_SUPPLIED MATERIAL_.
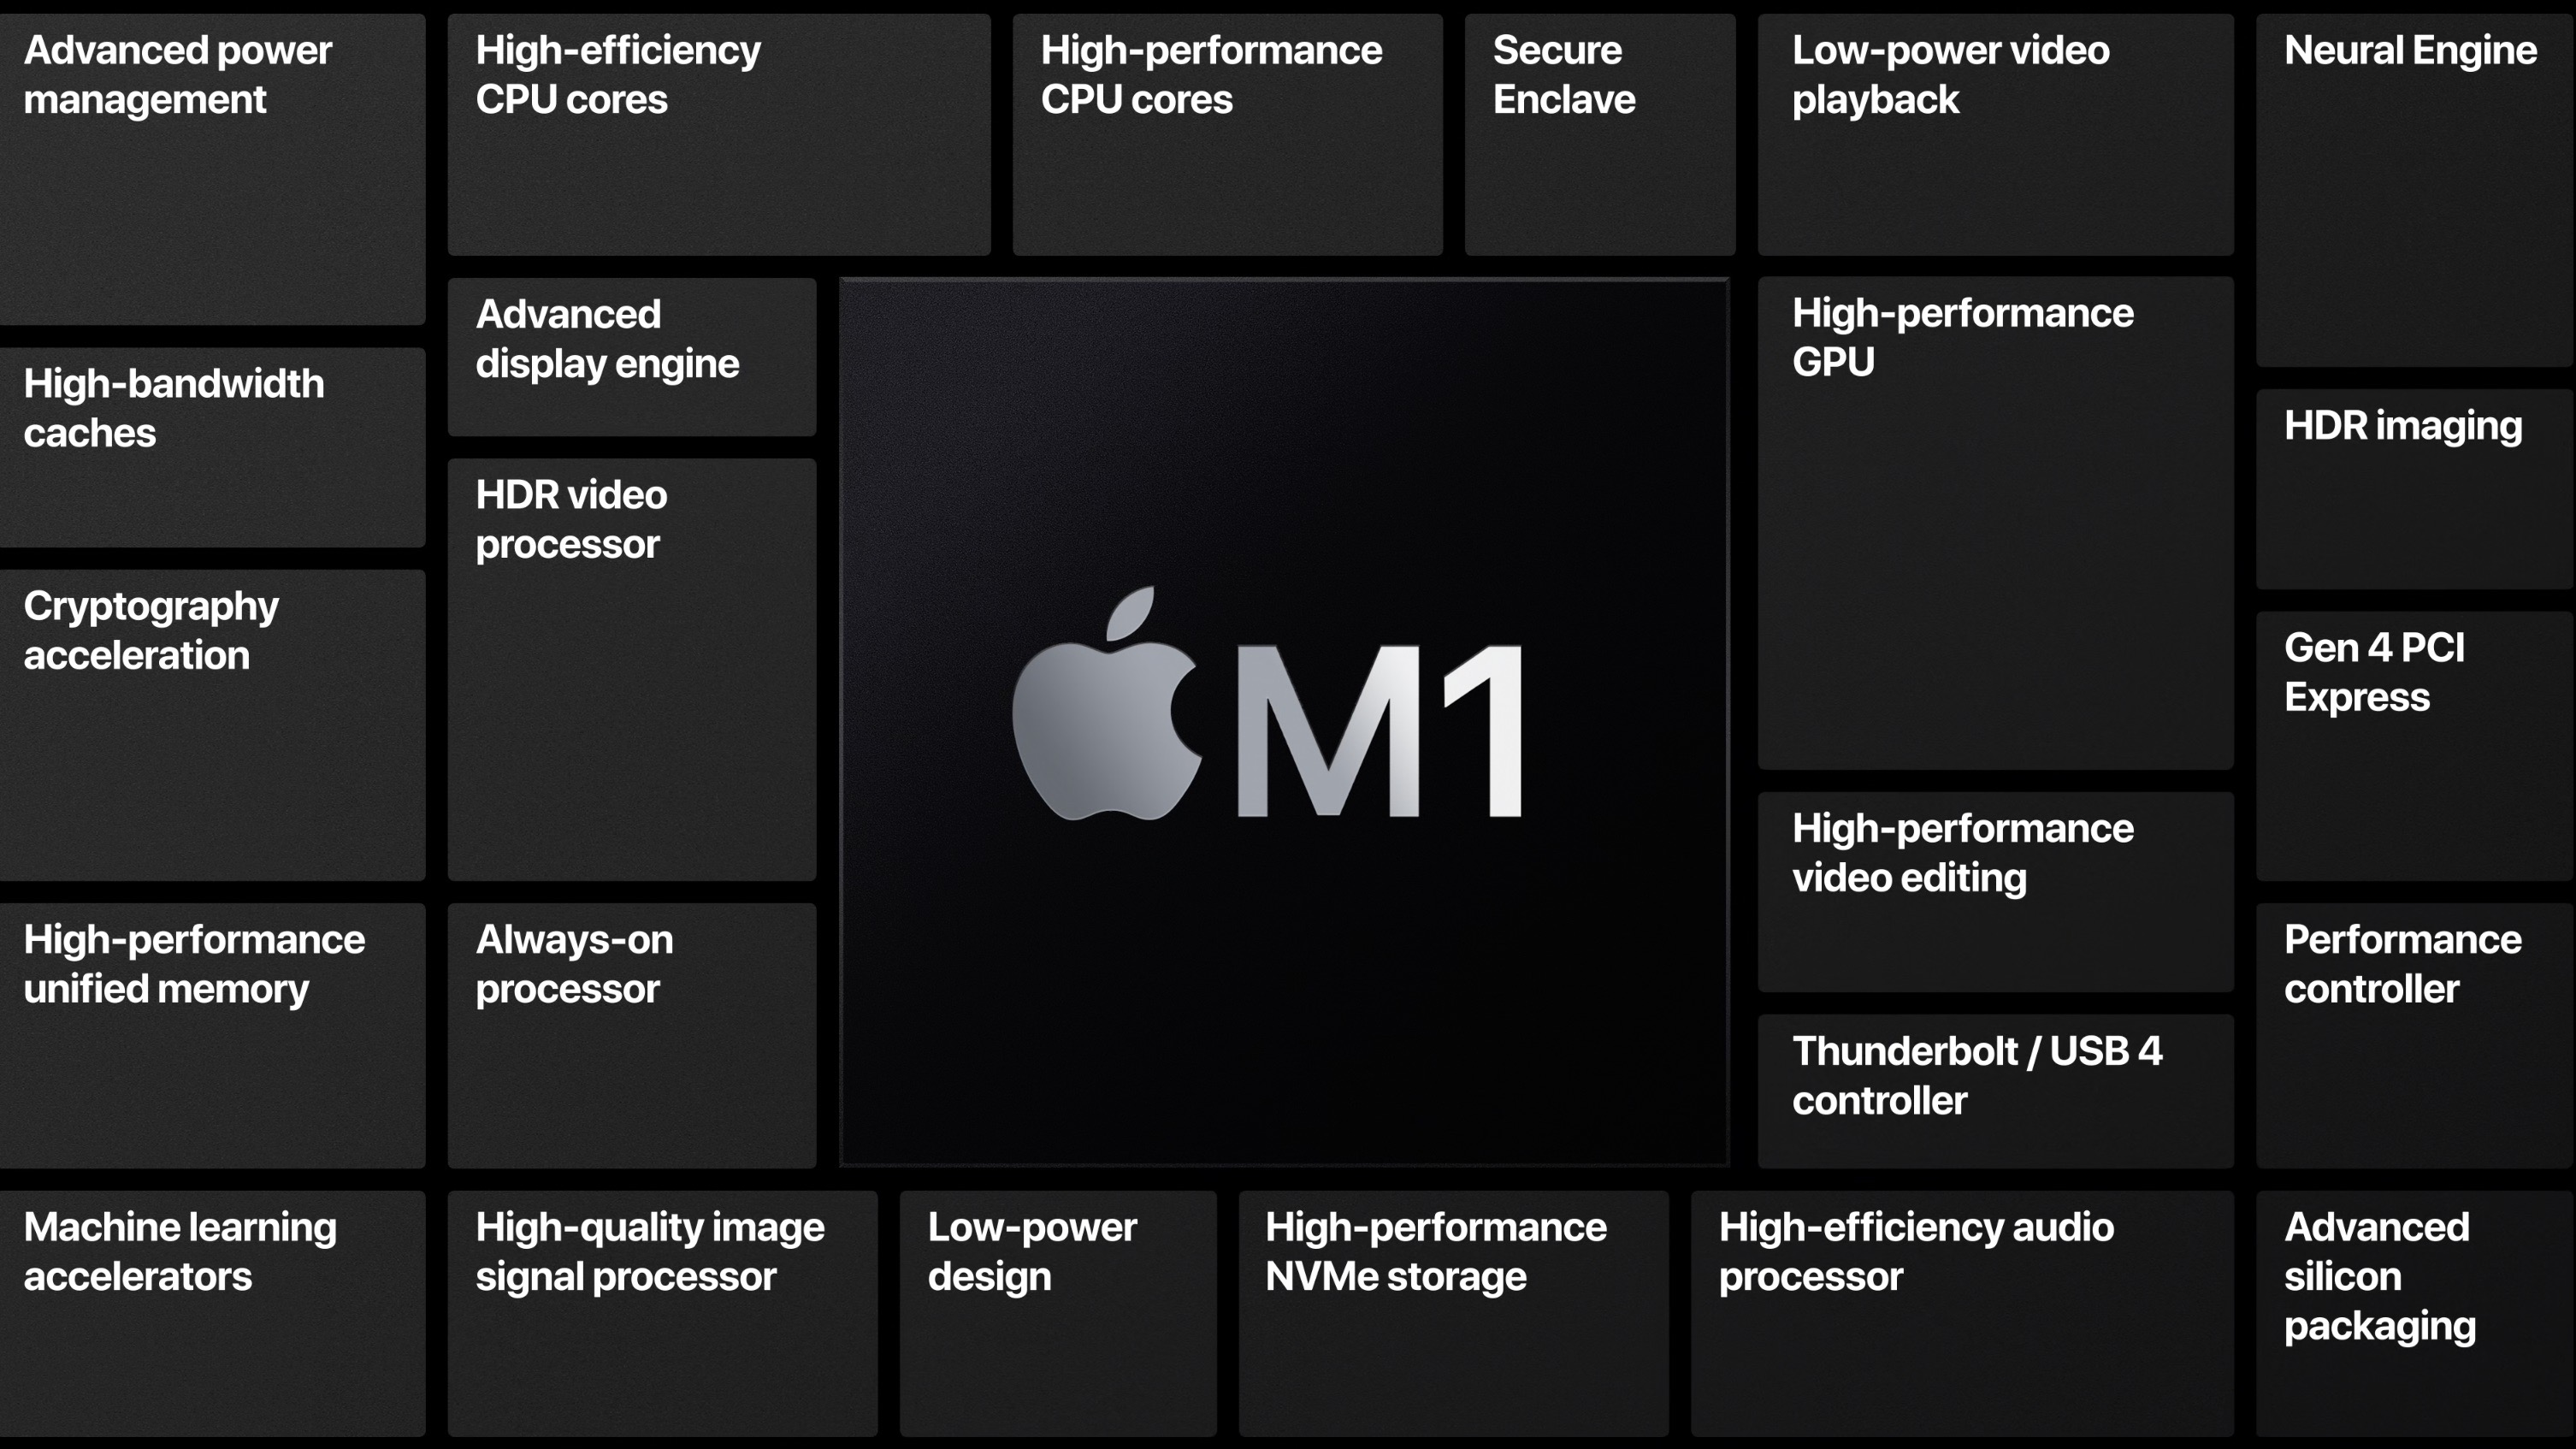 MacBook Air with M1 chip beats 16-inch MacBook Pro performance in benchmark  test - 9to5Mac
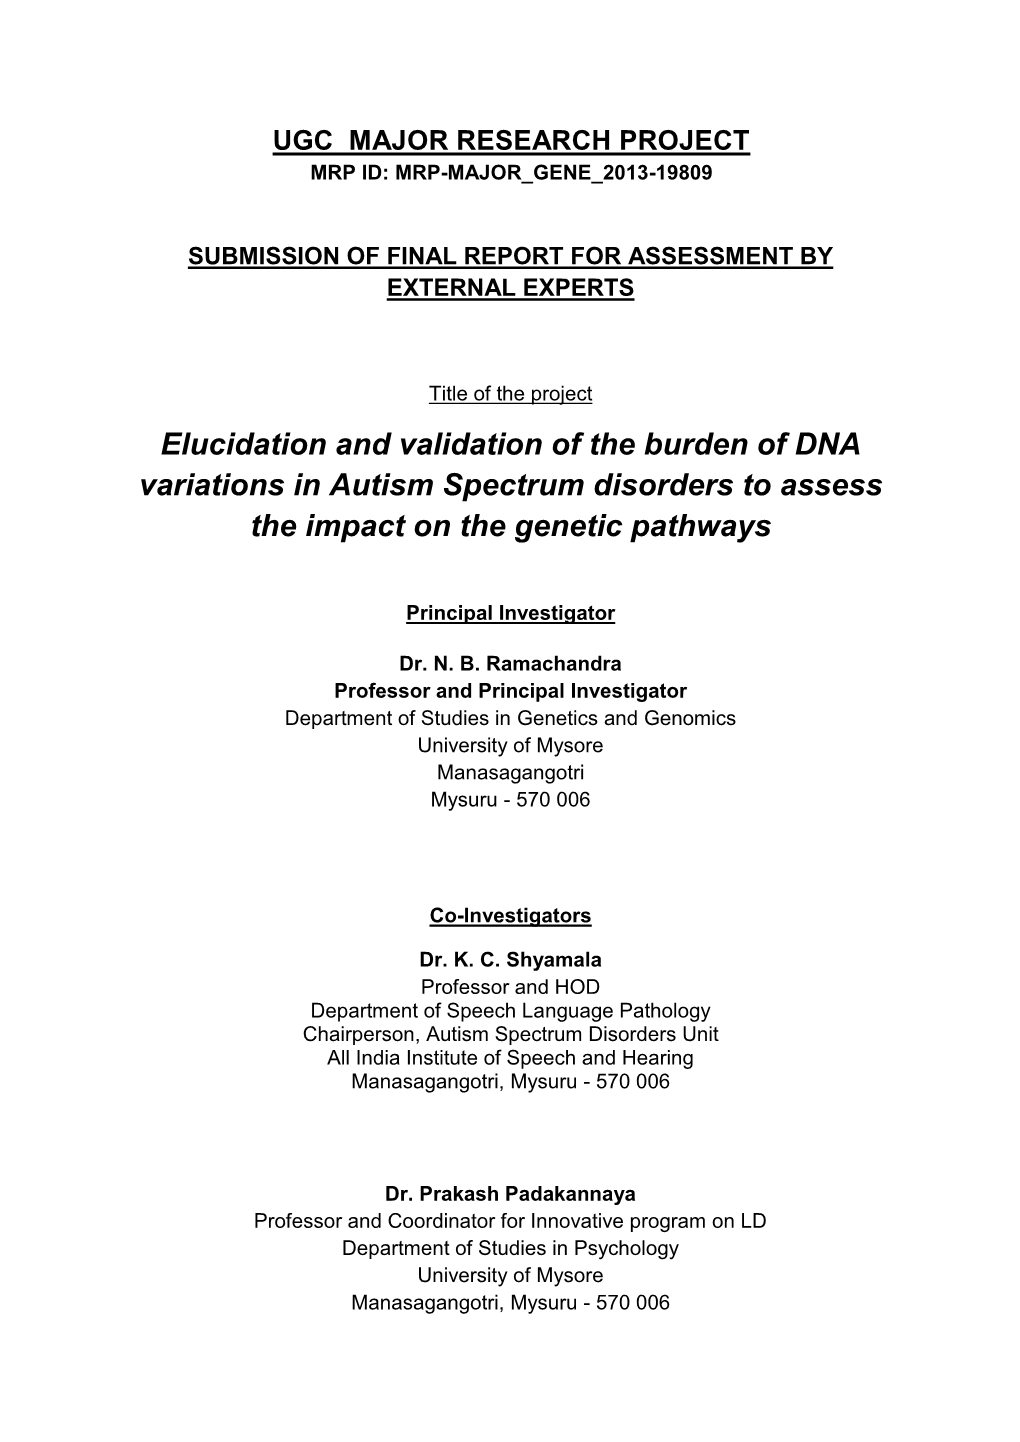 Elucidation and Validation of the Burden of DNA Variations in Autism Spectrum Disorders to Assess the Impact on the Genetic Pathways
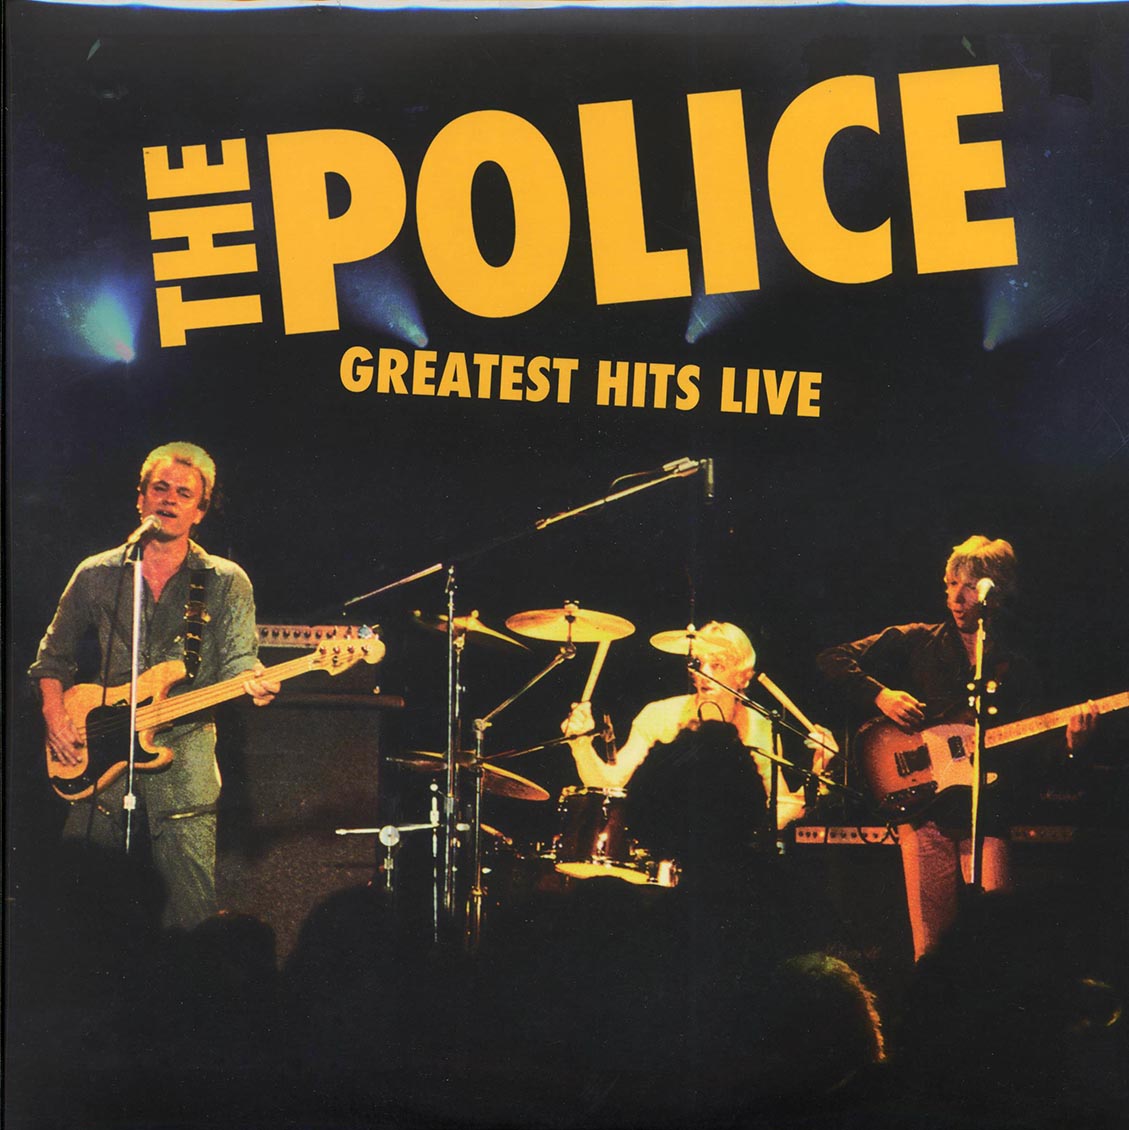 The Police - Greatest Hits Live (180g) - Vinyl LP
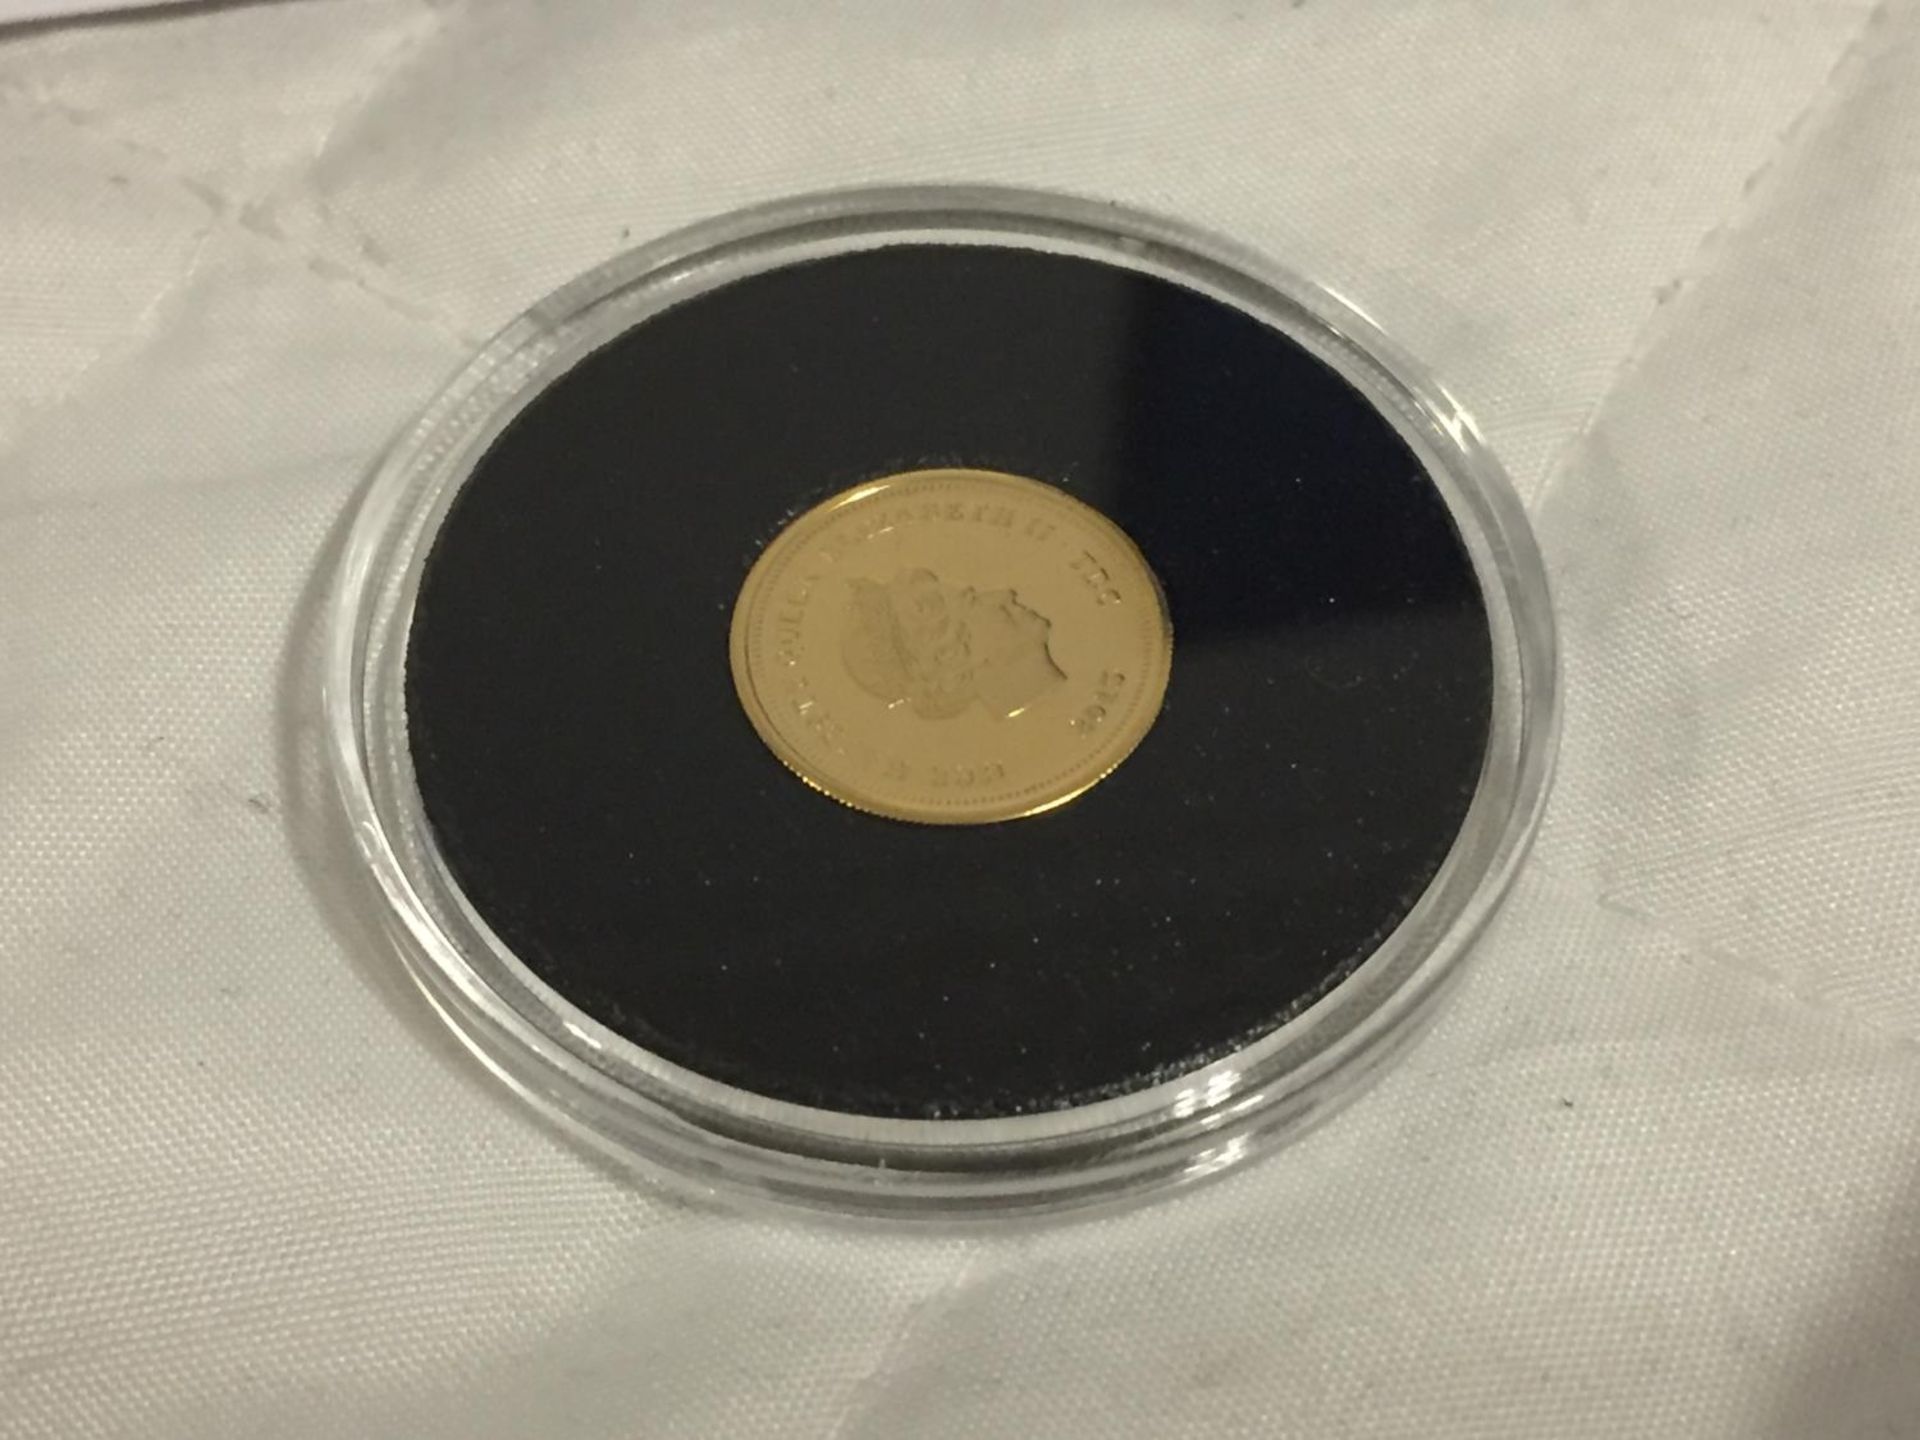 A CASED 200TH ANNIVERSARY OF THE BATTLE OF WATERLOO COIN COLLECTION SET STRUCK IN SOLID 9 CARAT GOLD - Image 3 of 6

_WHAT THE TASK ASKS_.
With pictures omitted, reproduce exactly the lines from the line containing "Elucidation and Validation" through the end of the data above.

_EXERCISE RESULT_.
 Elucidation and Validation of the Burden of DNA Variations in Autism Spectrum Disorders to Assess the Impact on the Genetic Pathways
 The Police - Greatest Hits Live (180g) - Vinyl LP
 A CASED 200TH ANNIVERSARY OF THE BATTLE OF WATERLOO COIN COLLECTION SET STRUCK IN SOLID 9 CARAT GOLD - Image 3 of 6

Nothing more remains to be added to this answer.